TASK TO COMPLETE: Only the pictures are to be left out; return the rest of the data exactly as it stands.

PROVIDED INFORMATION:
━━━━━━━━

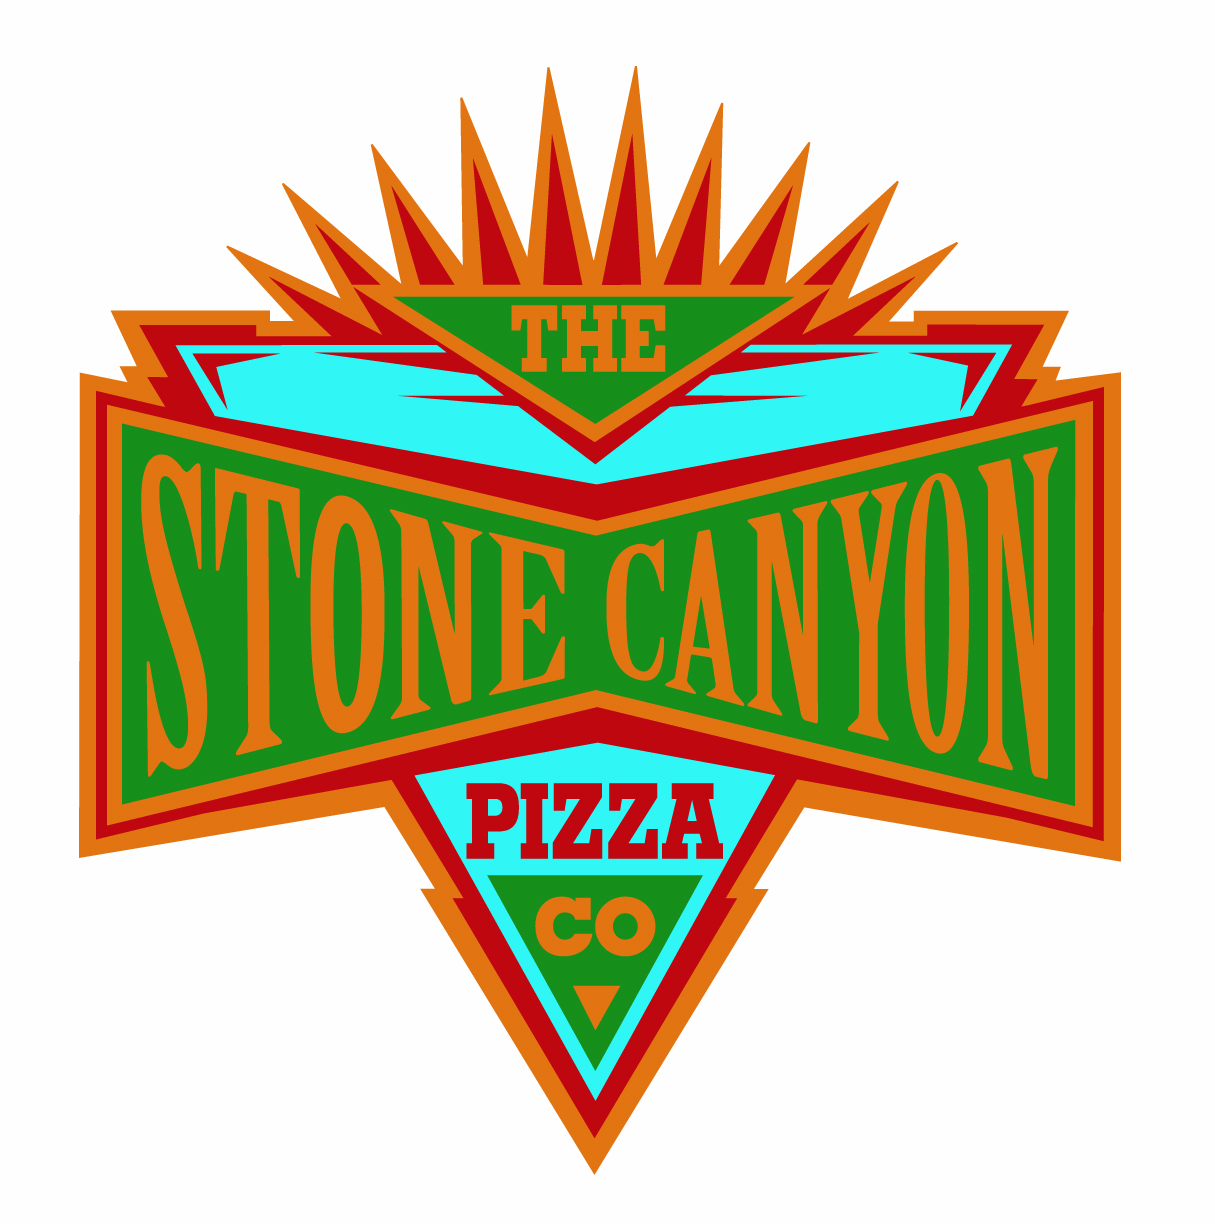 Stone Canyon - Color
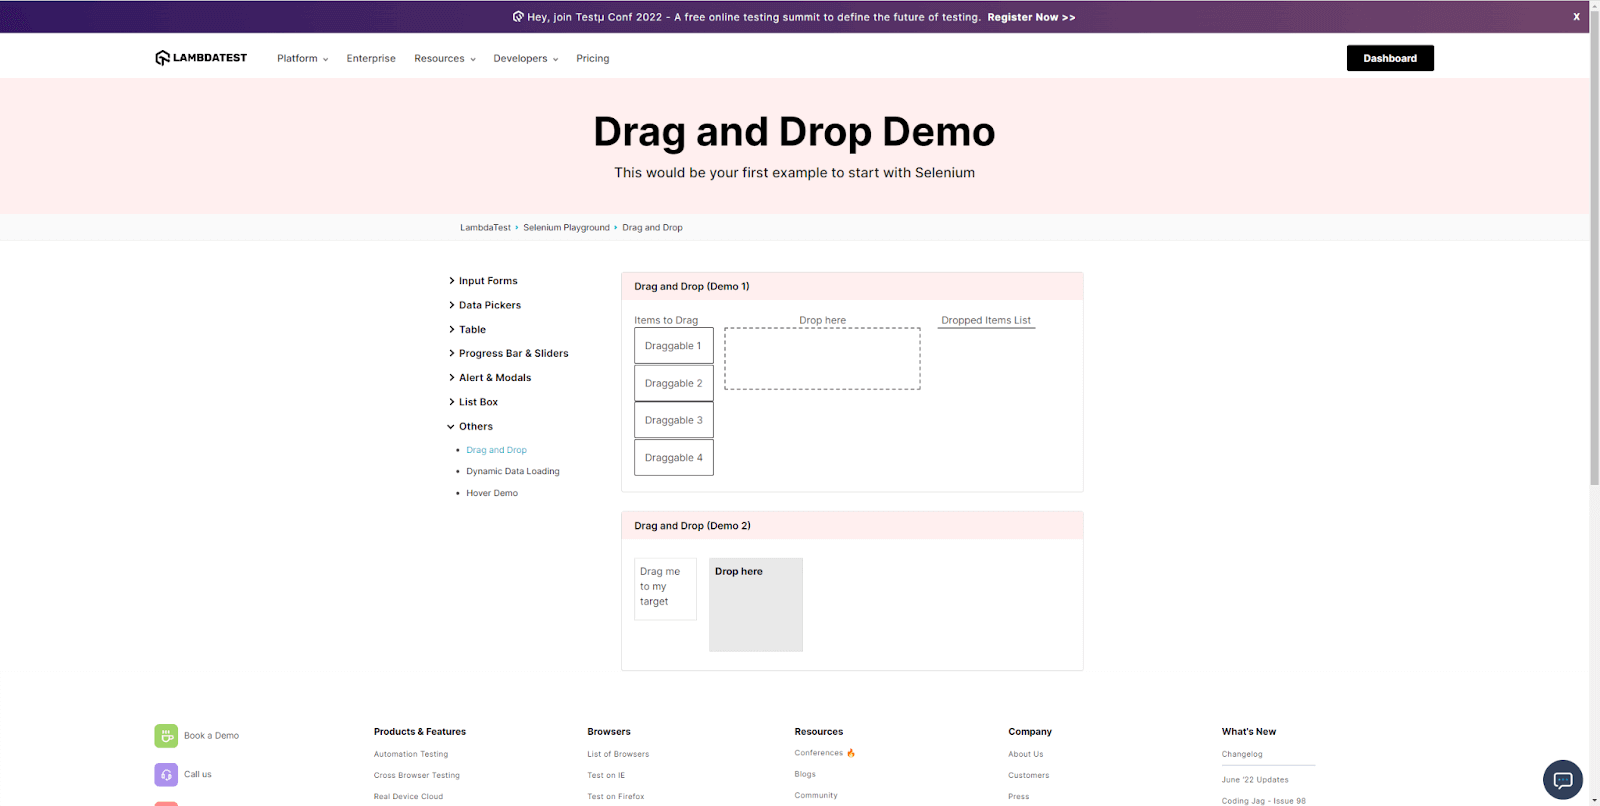 Drag and Drop Demo
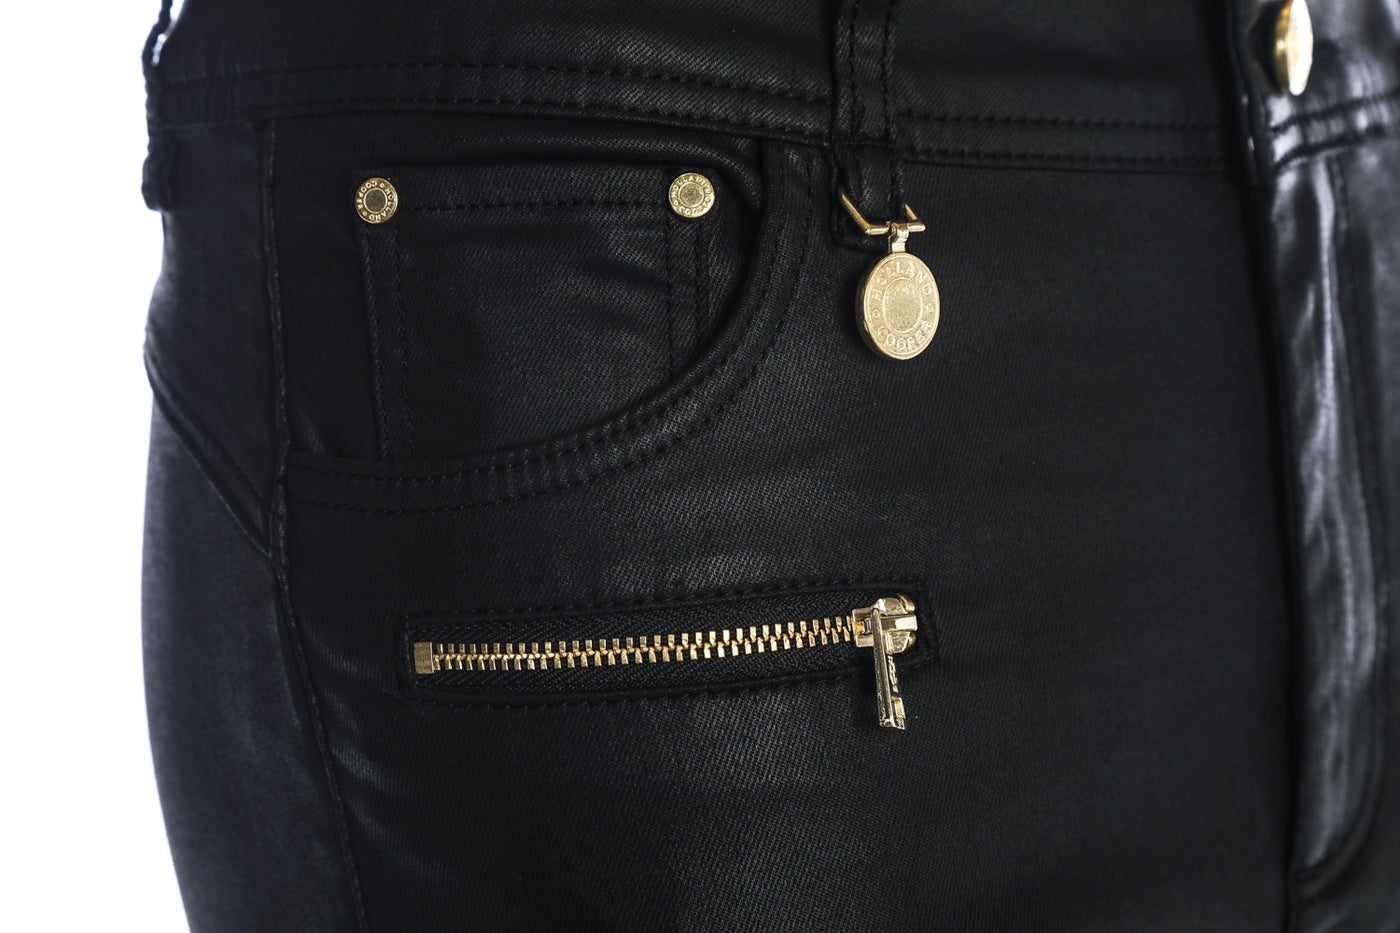 Holland Cooper Coated Jodhpur Ladies Jean in Black Pocket
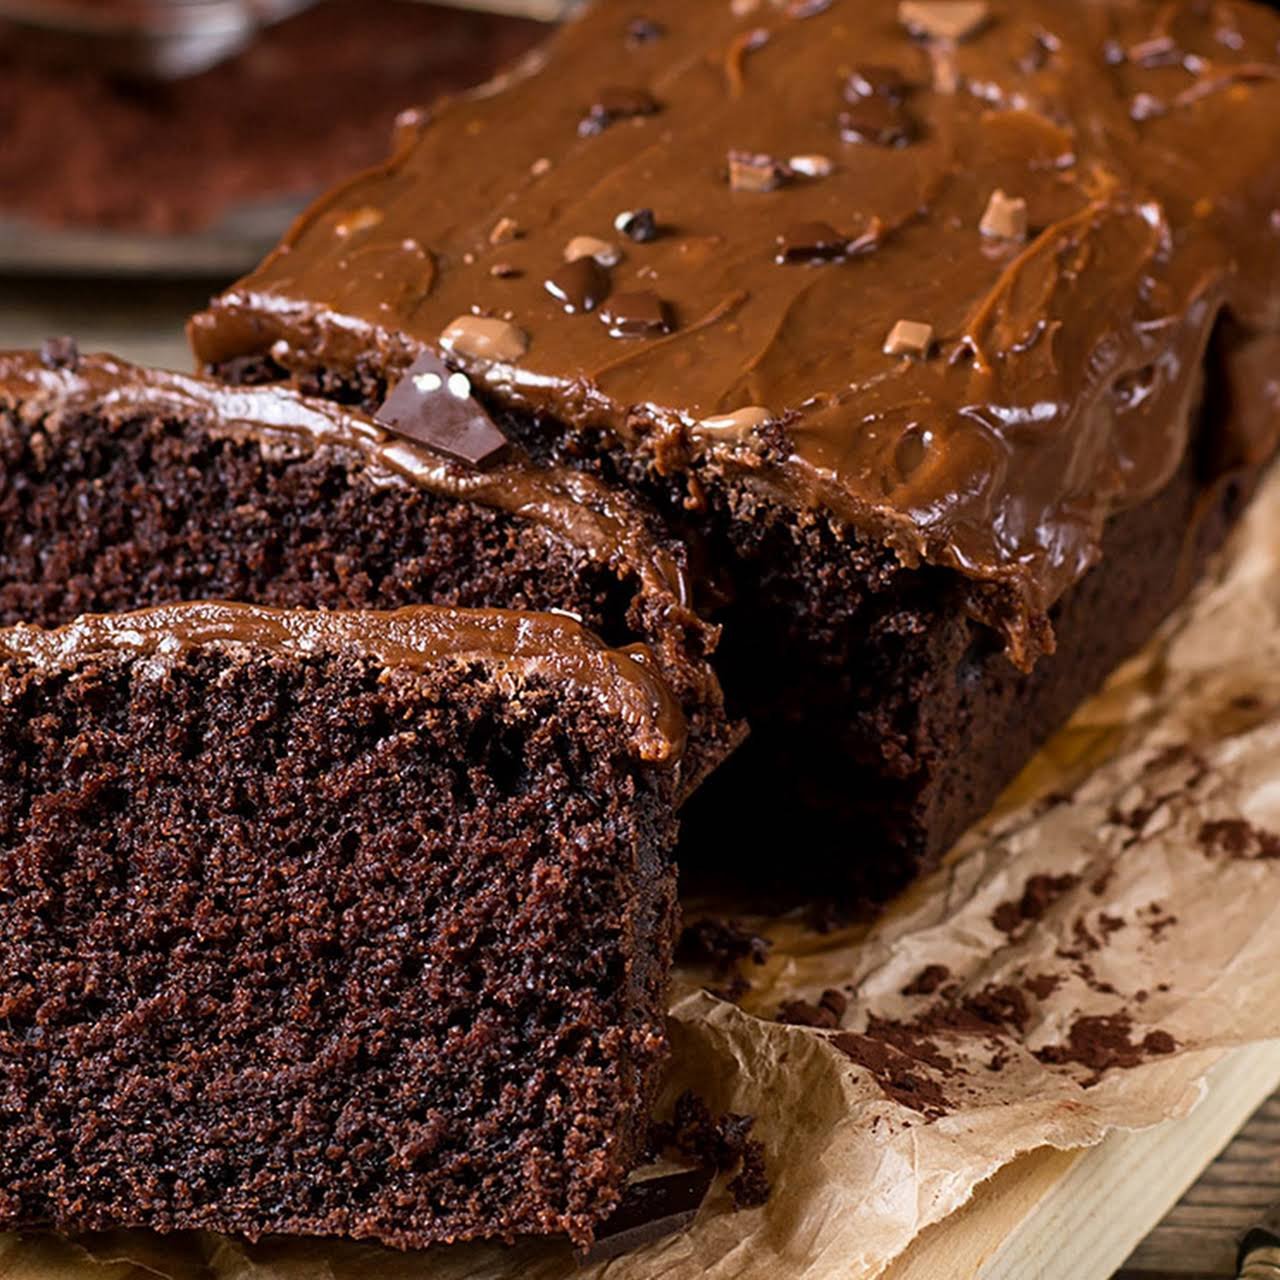 Кухне шоколадный пирог. Пирог с шоколадом. Мокрый шоколадный пирог. Влажный шоколадный пирог. Влажный шоколадный кекс.
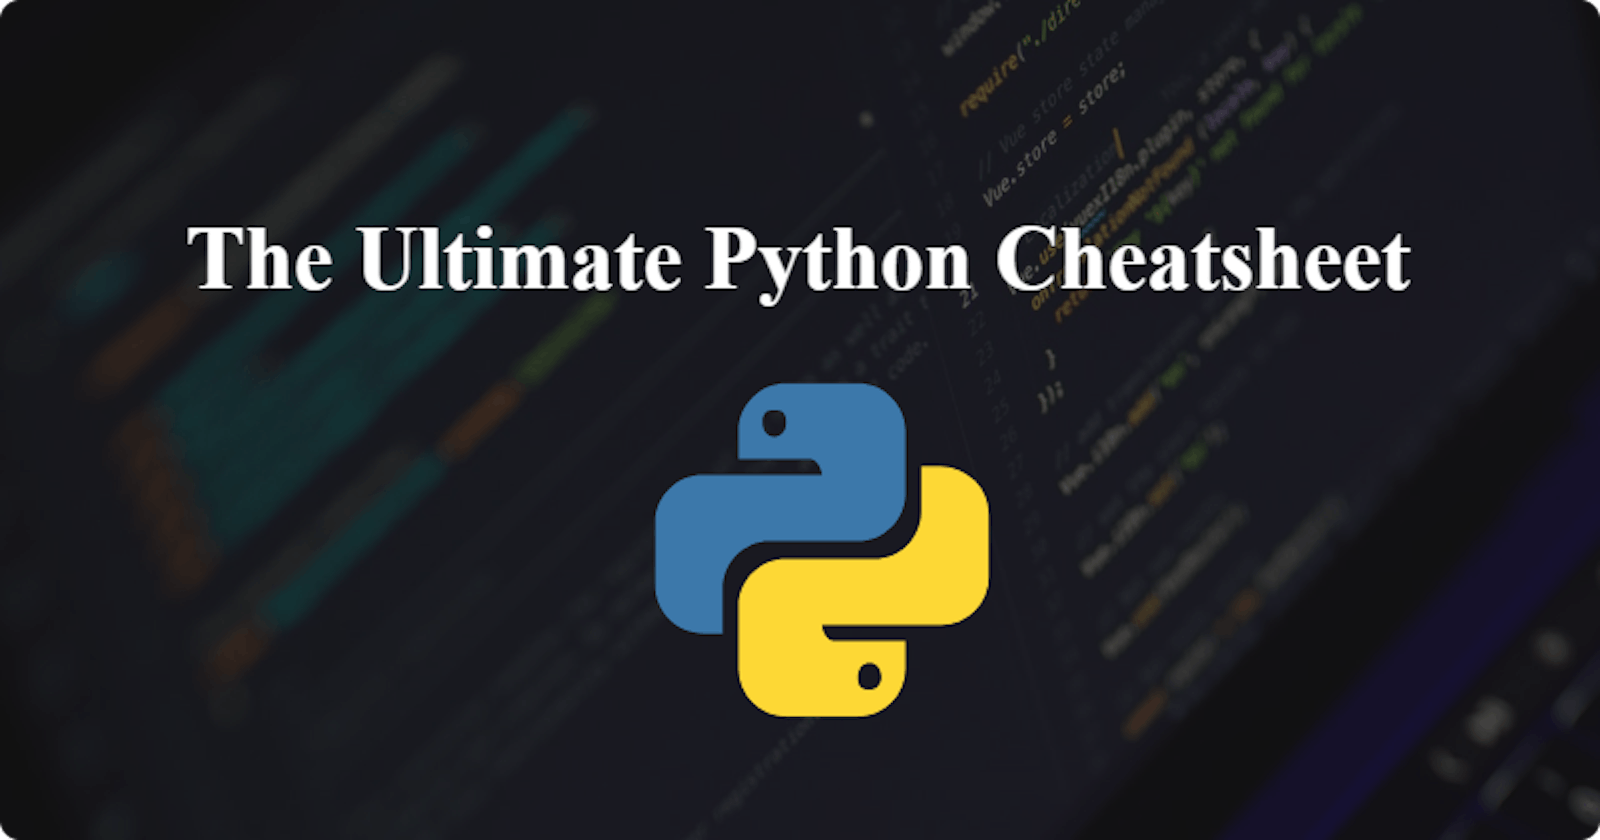 The Ultimate Python Cheatsheet

━━━━━━━━

EXERCISE ANSWER:
 Stone Canyon - Color
 Drag and Drop Demo
 Holland Cooper Coated Jodhpur Ladies Jean in Black Pocket
 Кухне шоколадный пирог. Пирог с шоколадом. Мокрый шоколадный пирог. Влажный шоколадный пирог. Влажный шоколадный кекс.
 The Ultimate Python Cheatsheet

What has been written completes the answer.